▶ [WHAT IS REQUIRED]
Return the data exactly, apart from leaving out the pictures.

▶ [WORKING DATA]

☆ ☆ ☆ ☆ ☆ ☆ ☆

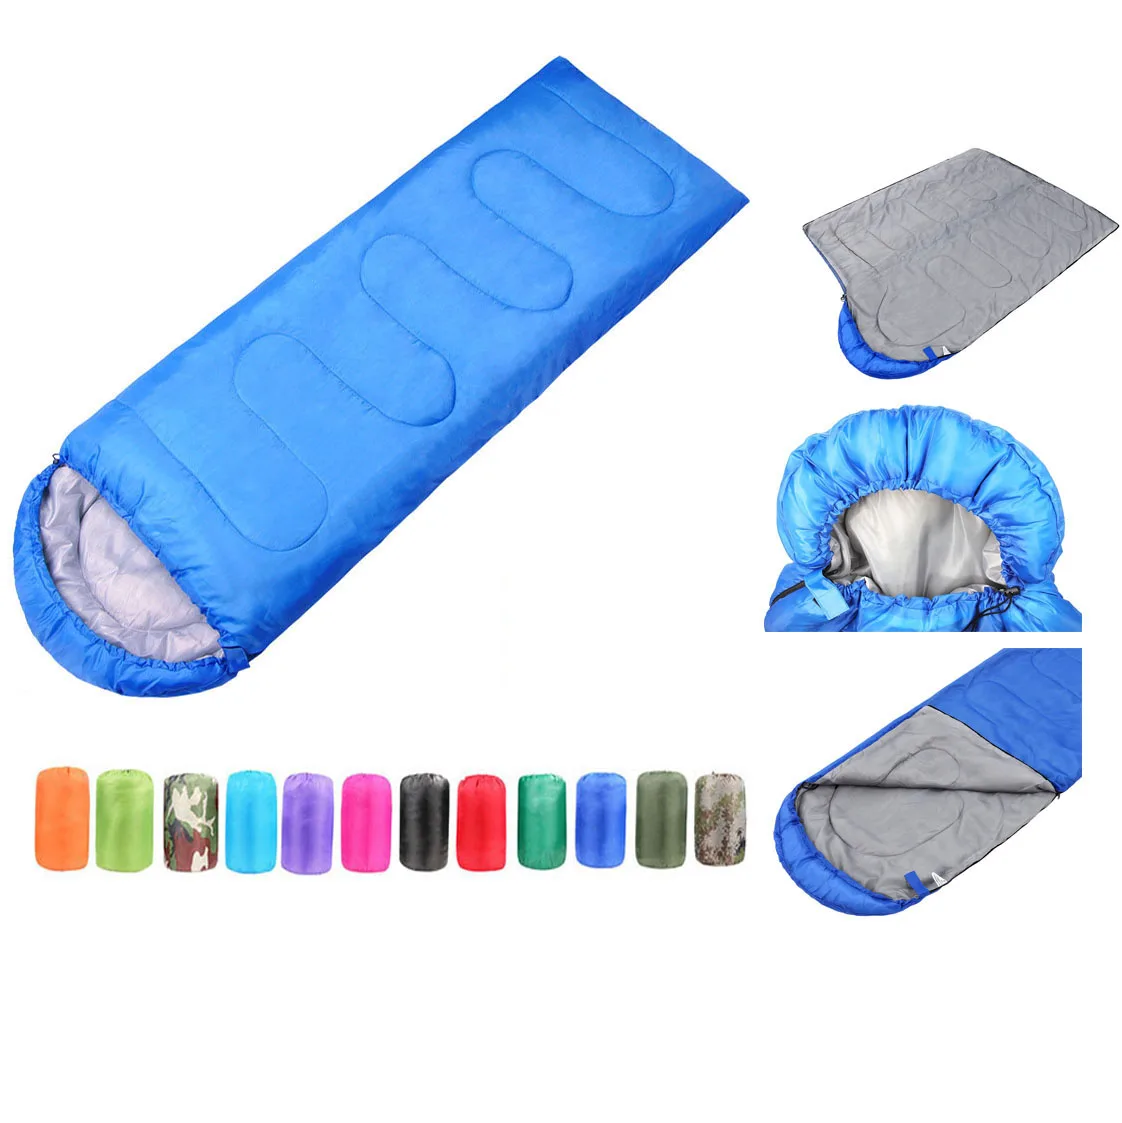 
Wholesale folding ultralight custom logo sleeping bag with compacted pouch camping sleeping pod sleeping bag for 3 seasons  (60697854634)
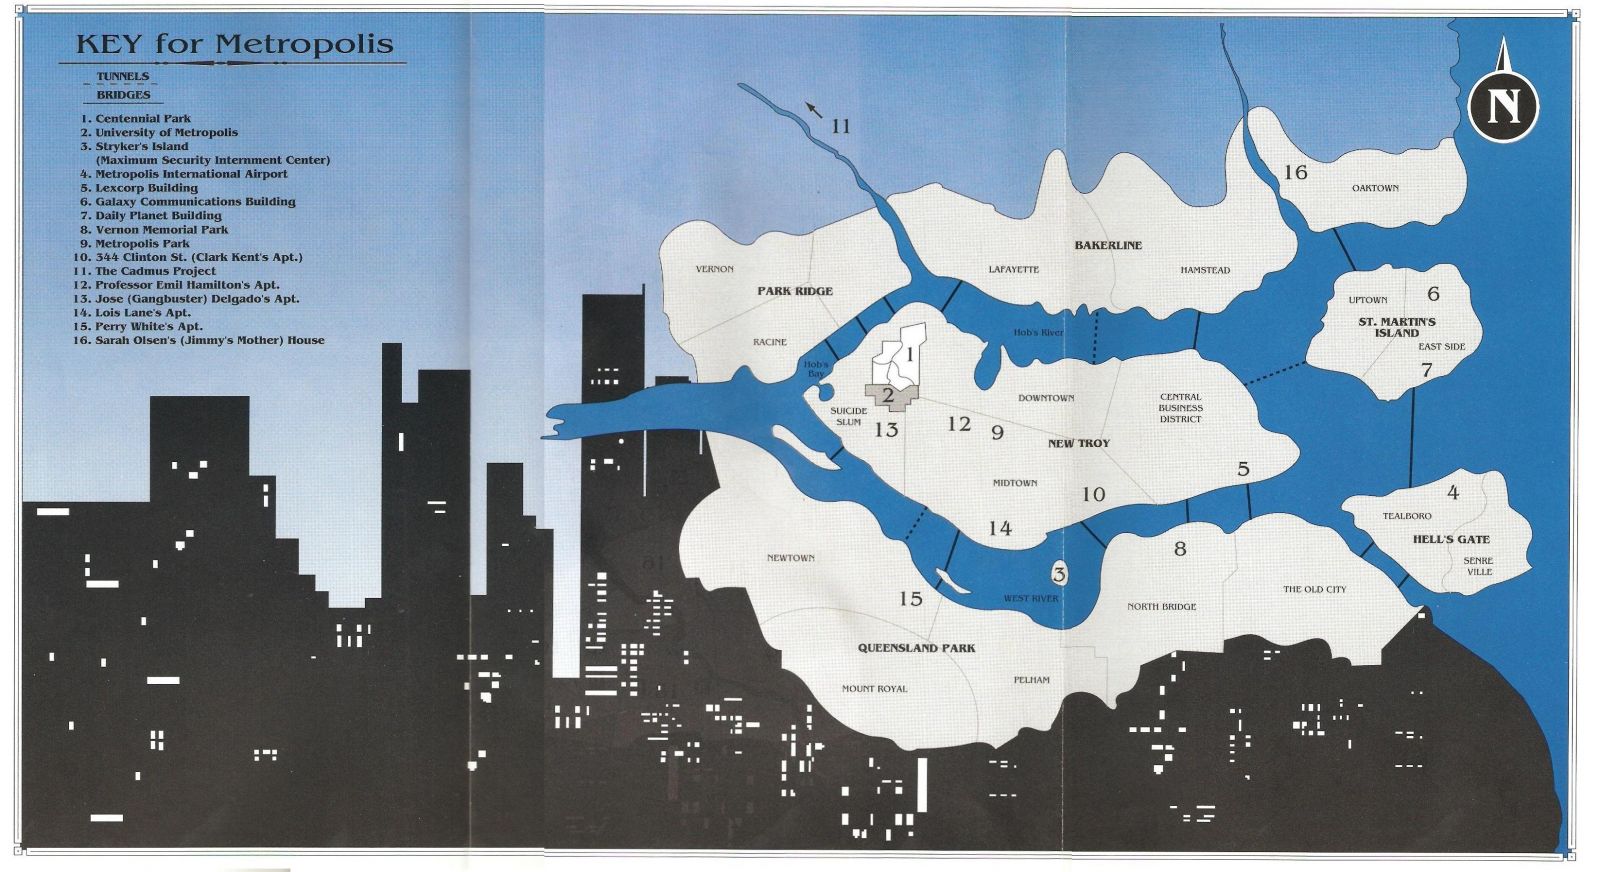 gotham city map
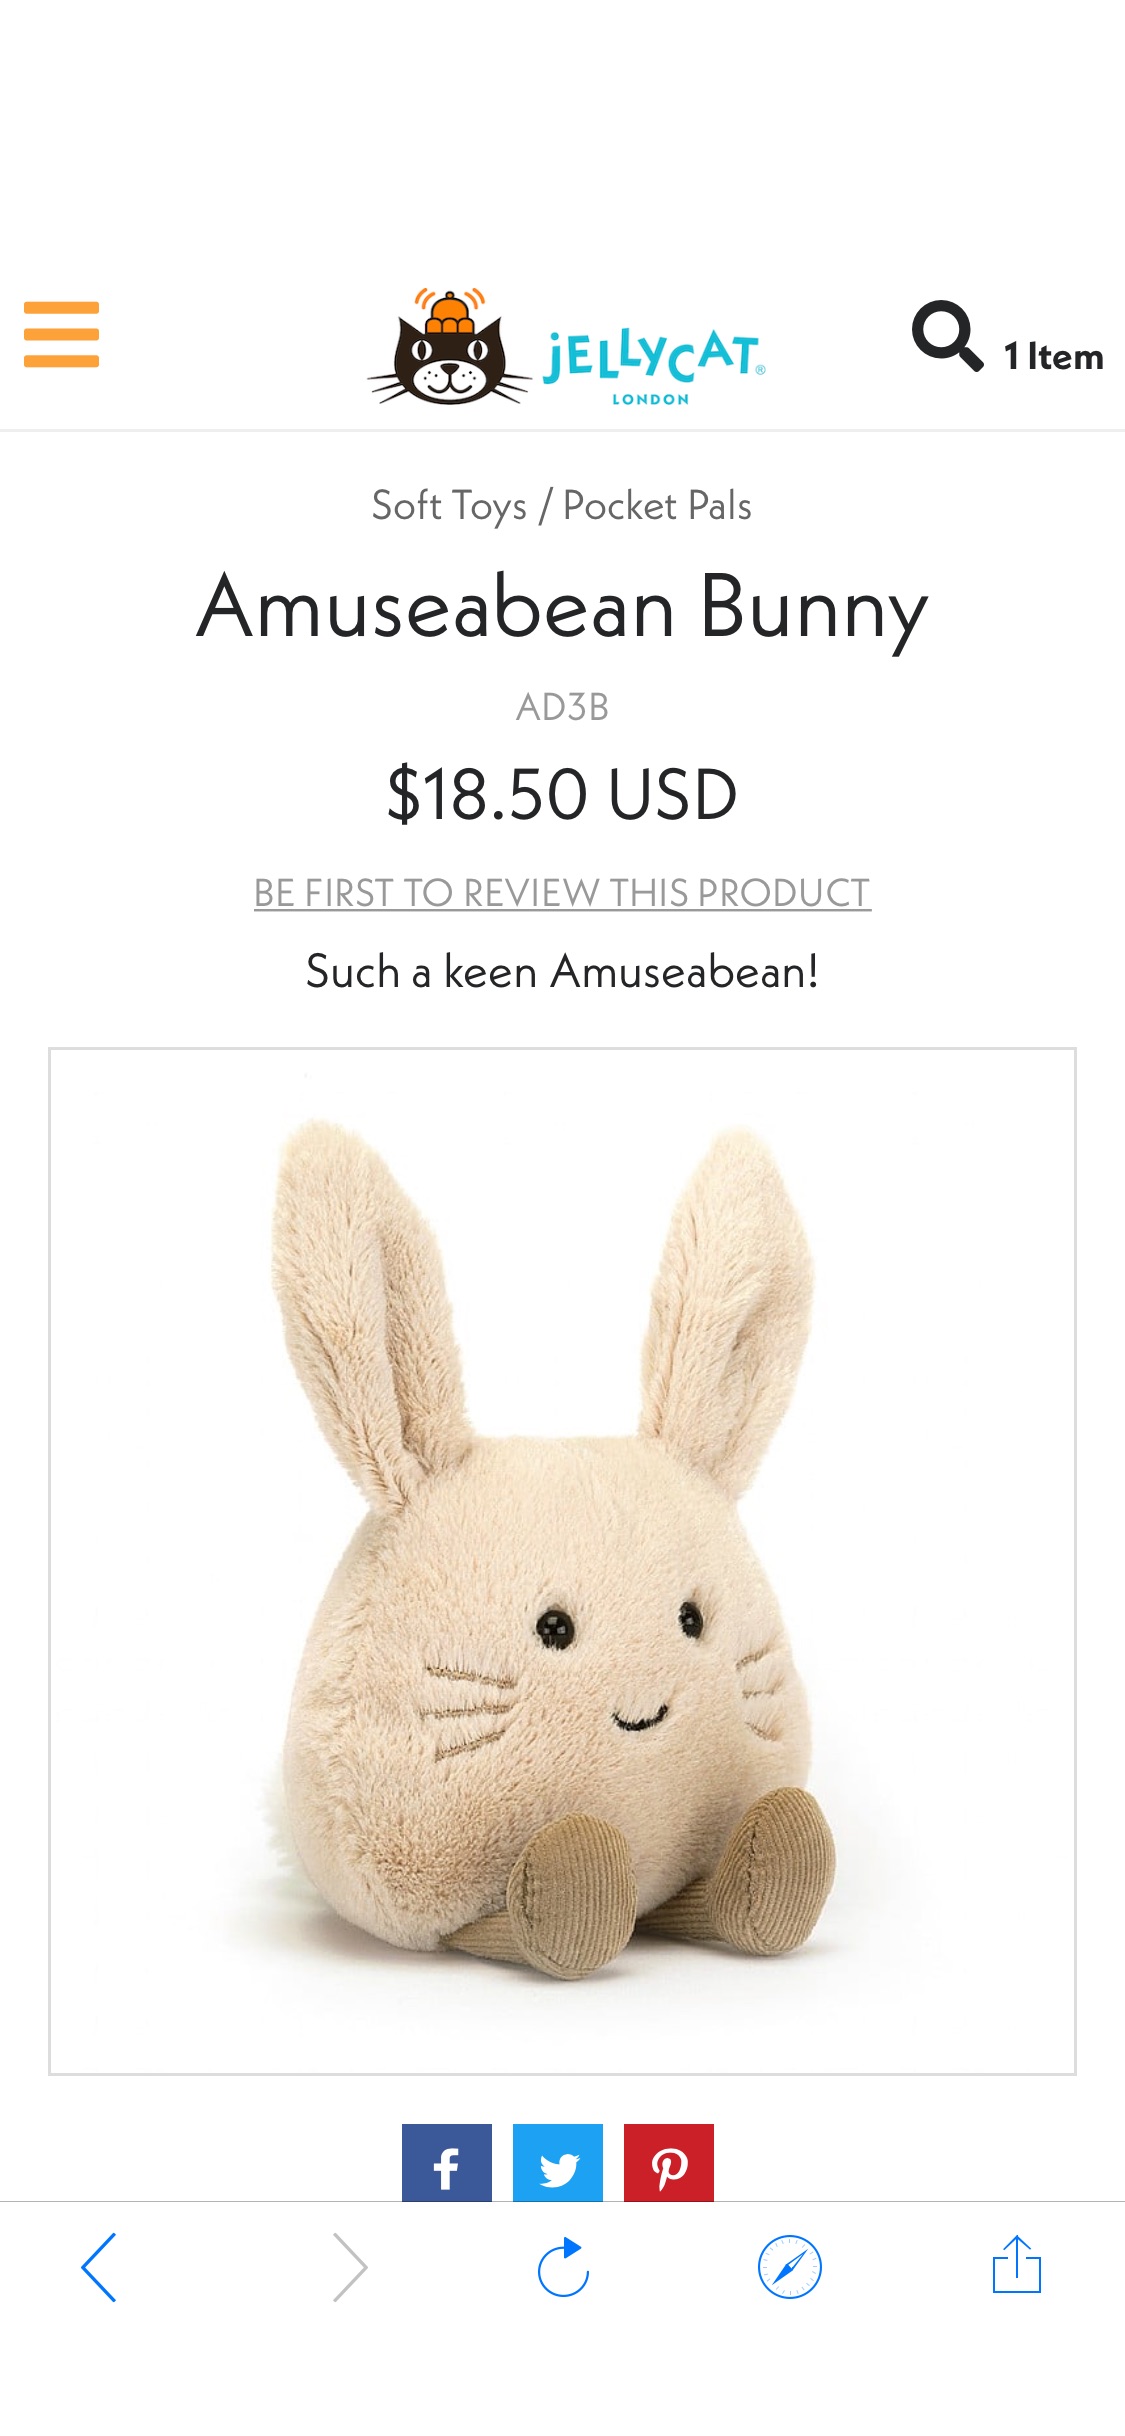 Buy Amuseabean Bunny - Online at Jellycat.com
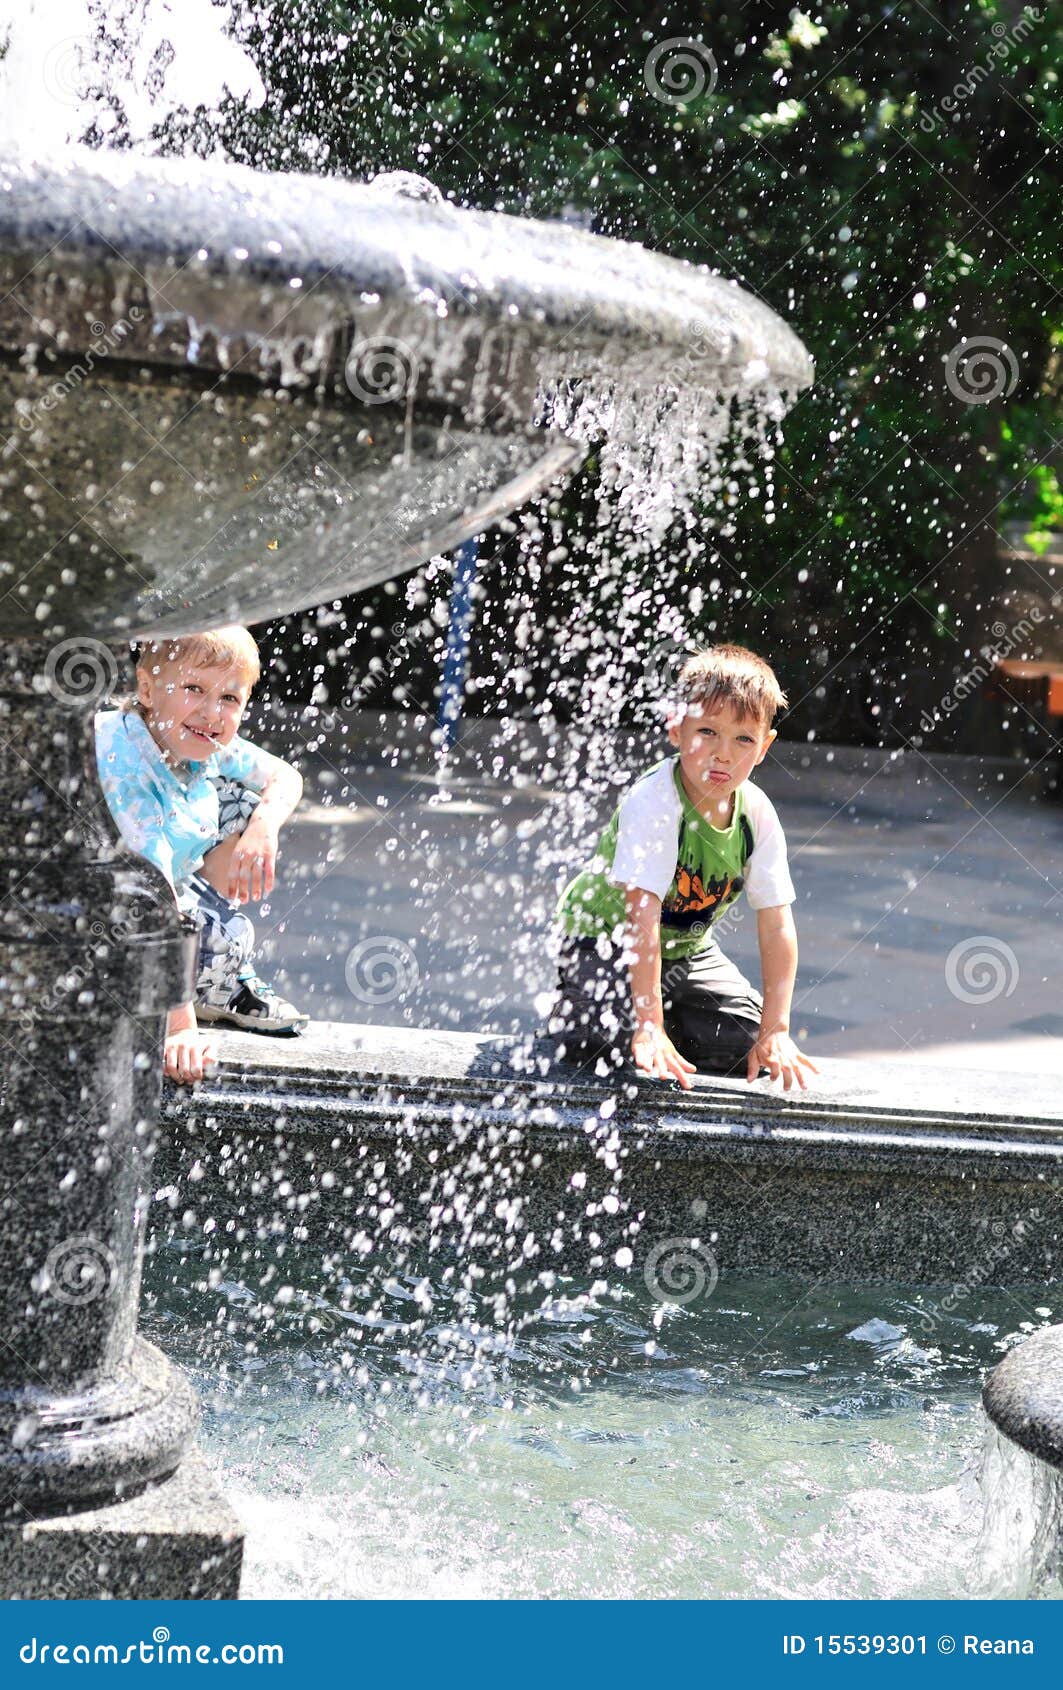 boys near waterworks
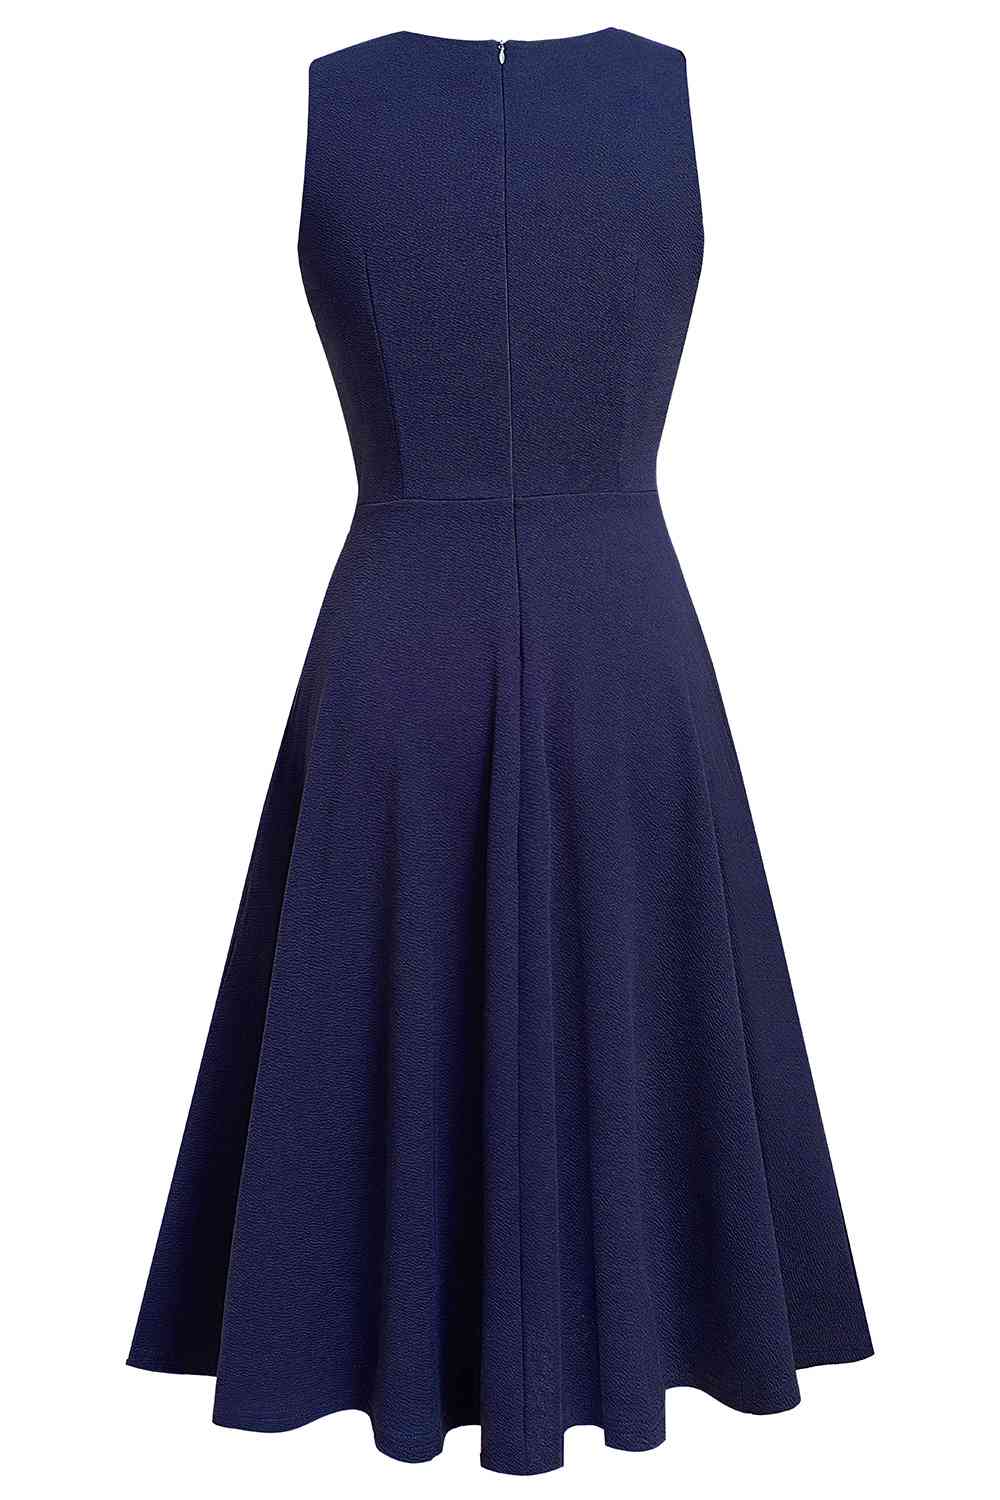 Round Neck Sleeveless Lace Trim Dress - All Dresses - Dresses - 15 - 2024

☆ ☆ ☆ ☆ ☆ ☆ ☆

▶ [SOLUTION FOR THIS PROBLEM]
Wholesale folding ultralight custom logo sleeping bag with compacted pouch camping sleeping pod sleeping bag for 3 seasons  (60697854634)
 gotham city map
 Buy Amuseabean Bunny - Online at Jellycat.com
 boys near waterworks
 Round Neck Sleeveless Lace Trim Dress - All Dresses - Dresses - 15 - 2024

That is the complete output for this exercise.